Dengan cambuk ditangan Kadema kemudian
menggaris batu tersebut dengan batang cambuk yang akhirnya batu terbelah/terpisah.
Setelah Batutuhe terbelah, ternyata didalamnya terdapat tubuh seorang wanita
yang masih hidup terbungkus dengan lumut (Lrumu). Kadema menamai temuan mereka
tersebut sebagai Lrumimuutu, karena didapati dalam keadaan terbungkus lumut).
Toada dan Lrumimuutu hidup sebagai layaknya
bersaudara dan Kadema menjadi orang tua mereka yang harus didengar segala
perintahnya. Sekali peristiwa berkatalah Kadema kepada Toada dan Lrumimuutu :
“pergilah kedua kamu masing-masing mengambil jalan sendiri-sendiri,
mengelilingi kemana saja, untuk mencari pasangan (jodoh) kamu sendiri-sendiri. Inilah
2 (dua) batang tongkat dan lihat sama panjangnya, ambilah seorang sebuah dan
bila kamu masing-masing bertemu dengan seorang yang kamu suka, jadikanlah dia
pasangan (jodoh) kamu, haruslah tongkat yang ada pada kamu itu diukurkan pada
tongkatnya. Apabila tidak sama panjangnya, ambillah dia menadi pasangan kamu”. Maka
diberilah oleh Kadema kepada Toada sebuah tongkat yang dari “tuis” (golobah)
dan sebuah tongkat yang dari “asa” diberikannya kepada Lrumimuutu.
Mereka bertigapun berpisahlah dengan perasaan
sedih, dan berjalanlah Toada pada jalan yang lain dan Lrumimuutu pada jalan
yang lain juga.
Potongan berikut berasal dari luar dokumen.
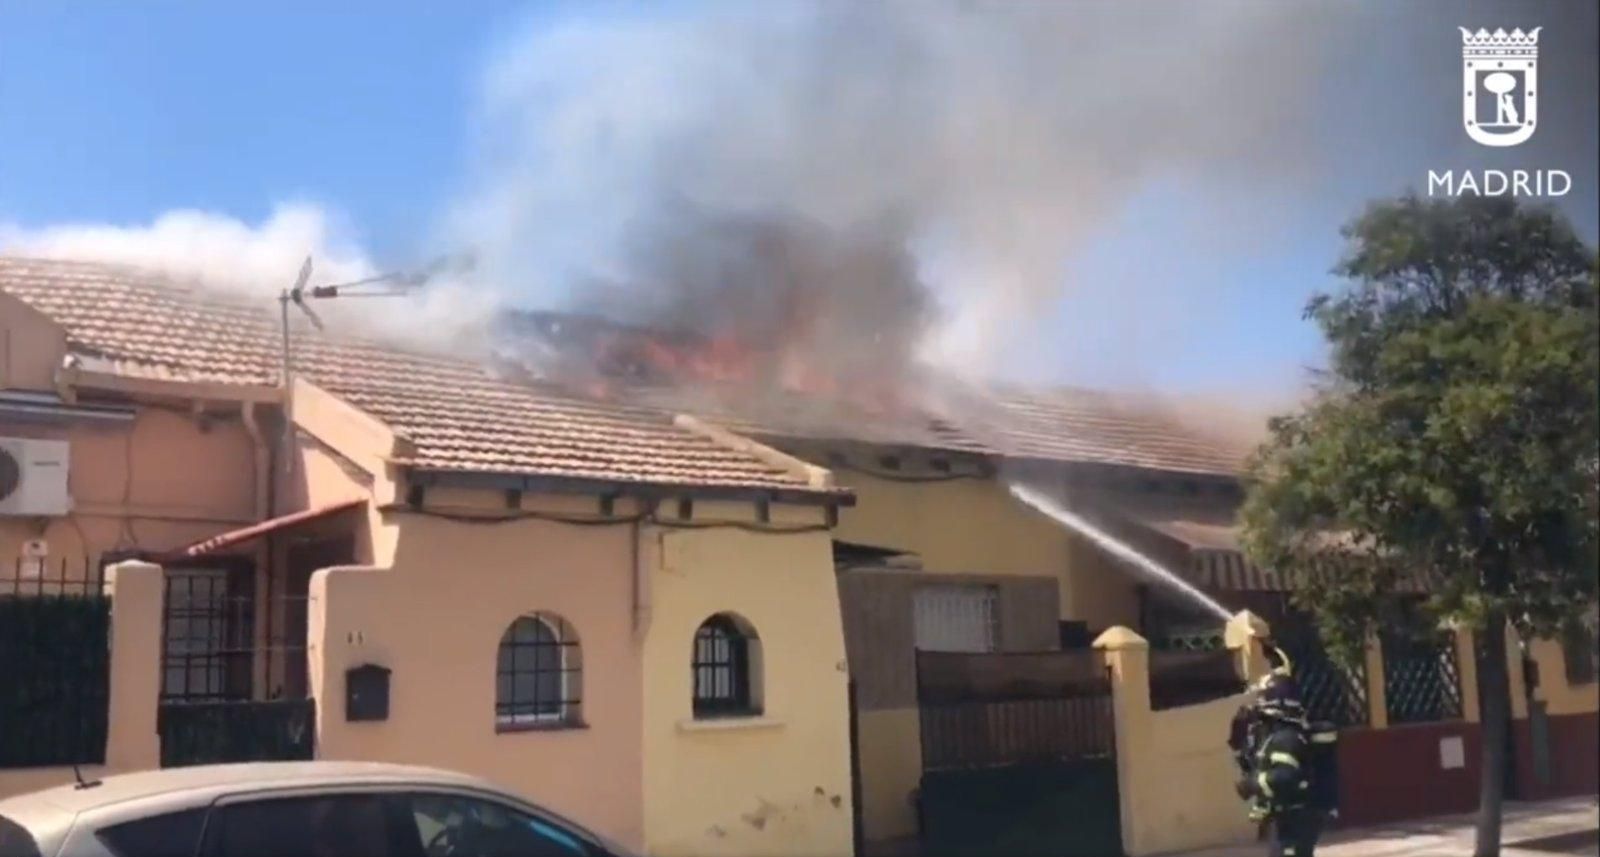  Arde la cubierta de una vivienda unifamiliar en Usera y el fuego se propaga al tejado de dos casas colindantes

Dalam kurun waktu lama, bertemulah Toada dan Lrumimuutu, tetapi
mereka tidak lagi saling mengenal dan bilamana mereka mengukur tongkat mereka
masing-masing seorang pada seorang, ternyata tongkat mereka tidak sama
panjangnya.
Maka mereka berdua sepakat untuk hidup
bersama sebagai suami isteri. Pada saat itu hadirlah Kadema dan menikahkan
mereka berdua. Sesudah itu pulanglah Kadema ke keinderaan. Toada dan Lrumimuutu
pada waktu itu tidak mengetahui sebabnya kenapa tongkat Toada telah menjadi
lebih panjang dari tongkat Lrumimuutu, karena sebenarnya batang tuis (gelobah)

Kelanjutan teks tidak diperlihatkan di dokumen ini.